Многие историки считают, что неудача Гитлера в попытке взять Москву в 1941 г. стала поворотным моментом войны; однако у этого события есть политическая подоплека. Если бы он выступал в роли освободителя, а не палача, то весьма вероятно, что советская империя развалилась бы прежде, чем США вступили в войну, и следовательно, Гитлер избежал бы того, чего боялся более всего, – полномасштабной войны на два фронта. Несмотря на его военную несостоятельность, его трагической ошибкой была скорее политика, нежели стратегия: если бы он полагался на контрреволюцию, вместо завоевания, то не случилось бы и нежелательного для него поворотного момента в этой войне. Он потерпел сокрушительное поражение не от русских, а от своей глупости.

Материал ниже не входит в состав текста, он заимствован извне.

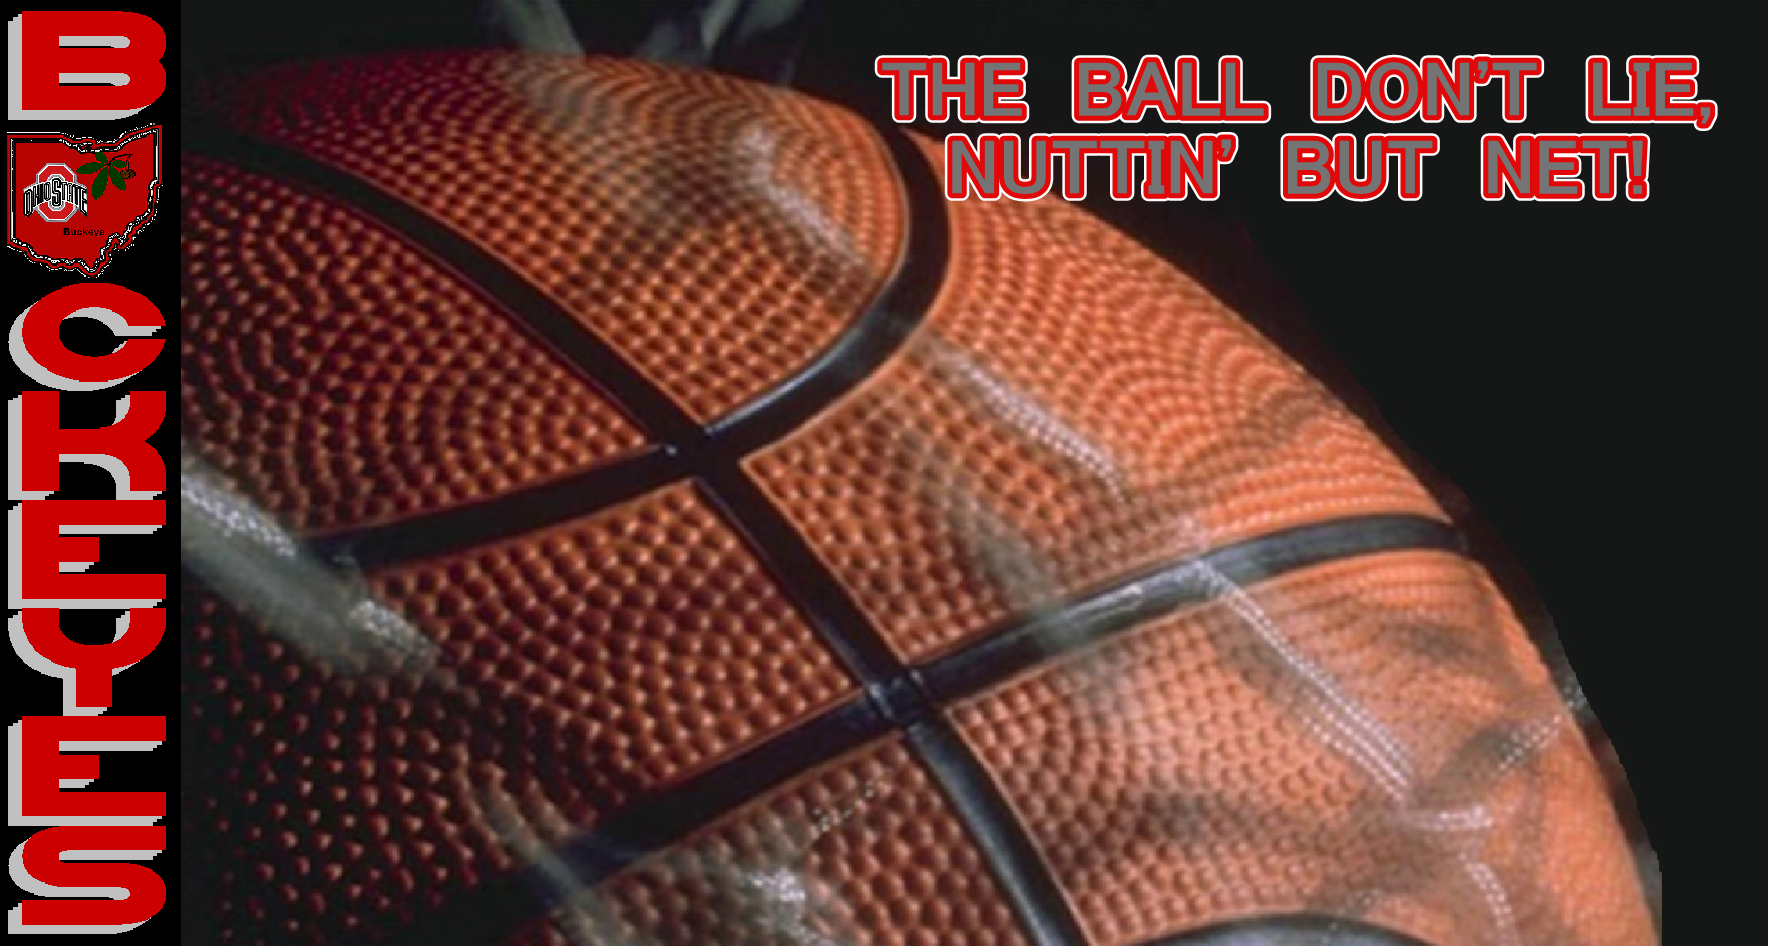 THE BALL DON'T LIE

В Германии неприятие национал-социализма в 1933 г. также создало большой внутренний фронт, в который входило не только гражданское население старше сорока лет, но и многие высокопоставленные гражданские и армейские чины, включая главнокомандующего и командующего генеральным штабом. В соответствии с источниками информации британских разведывательных служб, в 1939 г. оппозиция Гитлеру была настолько сильной, что могла привести к восстанию и свержению национал-социализма. Когда 3 сентября 1939 г. британское и французское правительства объявили своей целью уничтожение Гитлера и гитлеризма, их стратегия была обращена в сторону революции. На следующий день это подтвердил британский премьер-министр мистер Невилл Чемберлен, который в обращении по радио к немецкому народу сказал: «В этой войне мы не собираемся бороться против немецкого народа, к которому не испытываем враждебных чувств, но против тиранического режима». Чтобы добиться успеха, все, что требовалось, – поддержать тех, кто выступал против Гитлера, обещать им лучшие условия, в случае удачного переворота, и помогать им, насколько возможно, на внутреннем фронте, в то время как военные операции были бы направлены против Гитлера на внешнем фронте.